In the Loop

28.2.12  Warmest Tuesday Greetings, my fascist brethren!

Last night’s MNFC turned into a kind of Westminster Story Time, as we all gathered first round Jess’ Massive Telly™ and then around Helen’s armchair to learn more about the ins and outs of politics and the Department for International Development.  Jess selected In The Loop for our viewing pleasure, and fortunately for us managed to break the curse that has prevented her from watching it all the way through in the past.

Peter Capaldi as Malcolm and James Gandolfini as General Miller in IN THE LOOP, directed by Armando Iannucci. Nicola Dove

Before the film Jess deployed her secret weapon in the kitchen – a Paul – and served up some yummy chilli con carne followed by delicious cake. Dinner passed without Max the crazy ninja cat making any moves, but Helen and her tights fell foul of Max’s claws half way through the film; Matt breathed a sigh of relief!

In The Loop is the big screen outing of The Thick of It , the BBC’s sharp satire on modern politics and spin which takes us into a world of inept politicians, civil servants and the most creative swearing since…since…a very creative swear-y thing from the past. Peter Capaldi reprises his small screen role as the notorious spin doctor, Malcolm Tucker, and spends the film terrorising the mild and slightly inept Minister for International Development and his aide as played by Tom Hollander and Chris Addison. The minister gets caught between US and UK factions for and against a war, and the saga takes him from London to Washington, the UN and … Nottingham! Throw in Alan Partridge, Tony Soprano and that girl from My Girl and you’ve got all the ingredients for a cracking comedy.

After the film Helen gave us the DFID insider’s perspective, and revealed a terrifying world in which government ministers’ behaviour is determined by inexperienced twenty-somethings – or ‘foetus-faces’ – while civil servants try and direct them into not-too-annoying policy directions. This spurred us on to some serious political chin-stroking, but we reined ourselves in by also wondering which accents are best for swearing, and pointing out sightings of Peter Capaldi in Crouch End.
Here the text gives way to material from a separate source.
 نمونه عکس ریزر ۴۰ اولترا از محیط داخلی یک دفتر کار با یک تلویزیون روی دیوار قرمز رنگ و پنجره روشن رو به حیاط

For the trivia hounds among us, you might be interested to know:

  • the actor who played Chad also stars in the US version of The Office
  • Rotten Tomatoes categorises In The Loop as Art House & International
  • Armando Iannucci, who wrote both the film and the TV series and directed the film, gained access to the US State Department by ’flashing a simple photo ID to a security guard and saying “BBC. I’m here for the 12:30.” He then spent a few hours walking around taking pictures for his set designers.’
  • Peter Capaldi acted alongside John Malkovich and Glenn Close in Dangerous Liaisons.

For those of you who are disappointed that I didn’t elect to write this review in the style of Malcolm Tucker, you can console yourselves with some of his choicest sayings from the film here, or make your own Malcolm Tucker poster here, or even become his friend on Facebook. If you want to go even further and basically become Malcolm Tucker, those of you with wanky clever iPhones can download an ‘app’.
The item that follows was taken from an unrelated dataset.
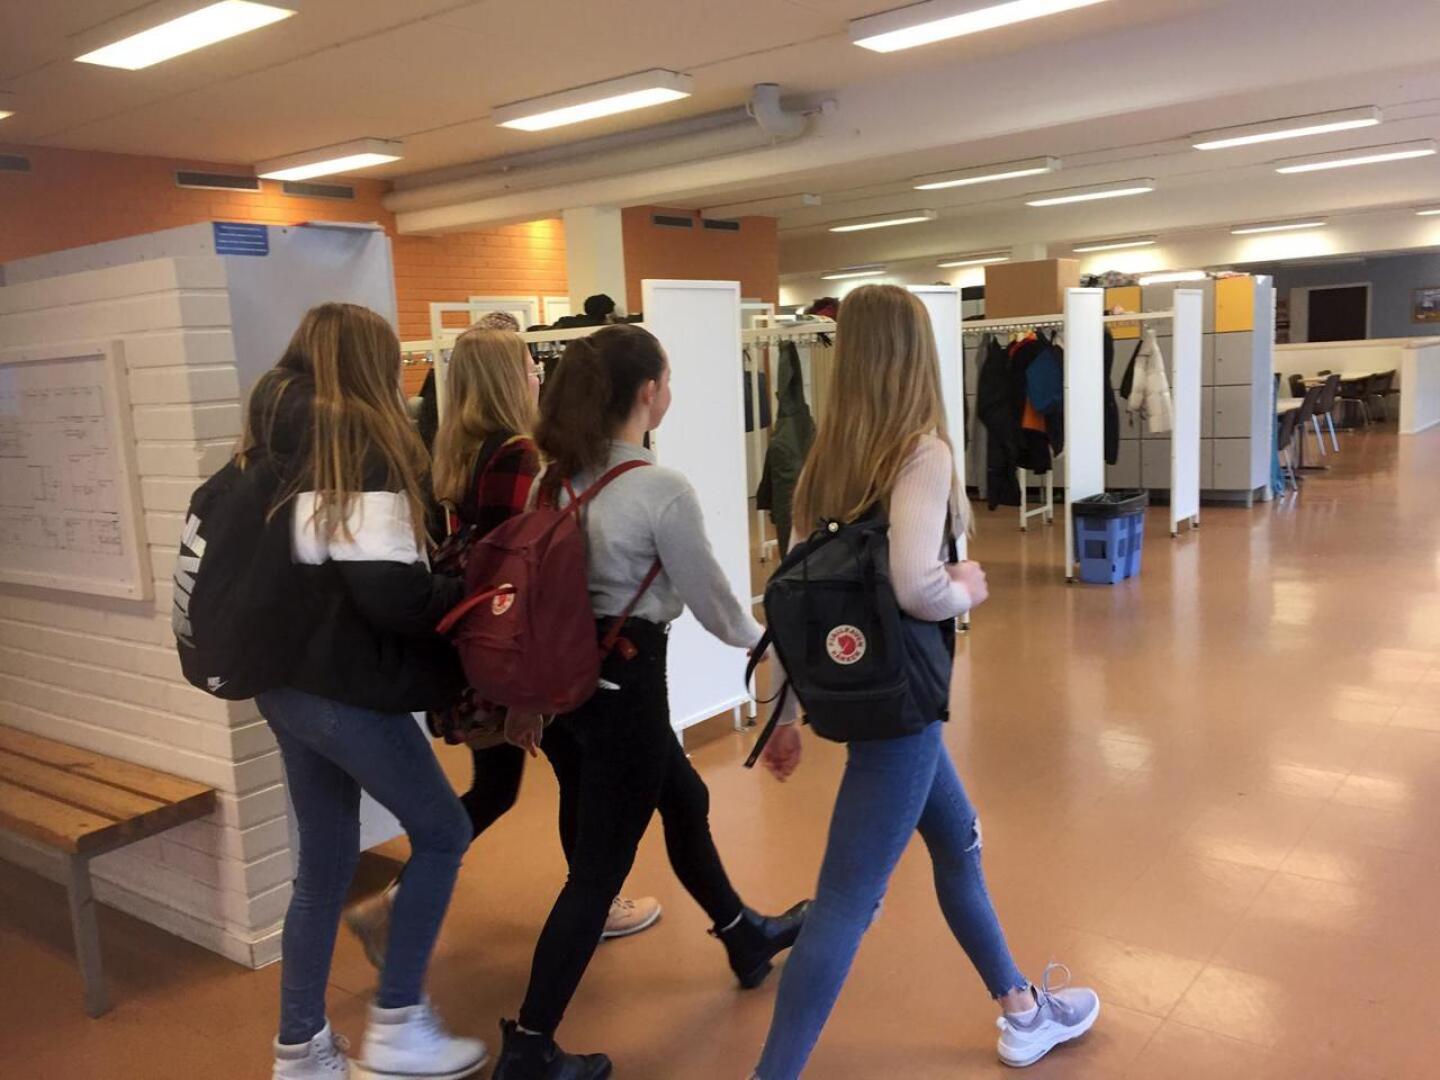 Osa pietarsaarelaisesta Oxhamnin yläkoulusta suljetaan hiihtoloman aikana. Opetus jatkuu Optiman ja Campus Allegron tiloissa.

For MNFC-ers who can’t be doing with all this swearing and nastiness, there is always this alternative In The Loop I came across during my extensive Googling. I myself liked some of the more tame quotes from the film, such as Malcolm calling the minister ‘a Nazi Julie Andrews’, and Toby describing something as ‘difficult difficult lemon difficult’.

Anyway, the next session will be on 26th March and will be hosted by Comrade Love. But between now and then we have the FAFTAs! I promise some info will be coming your way very soon, so watch this space.

Beccaxx

WHAT THE F**K DO YOU THINK THIS IS? A S**TTING DEMOCRACY? F**K OFF WITH YOUR OXBRIDGE NOTIONS OF CIVILISED SOCIETY, YOU BUNCH OF JEREMY HUNTS, OR I’LL HOLEPUNCH YOUR FACEs.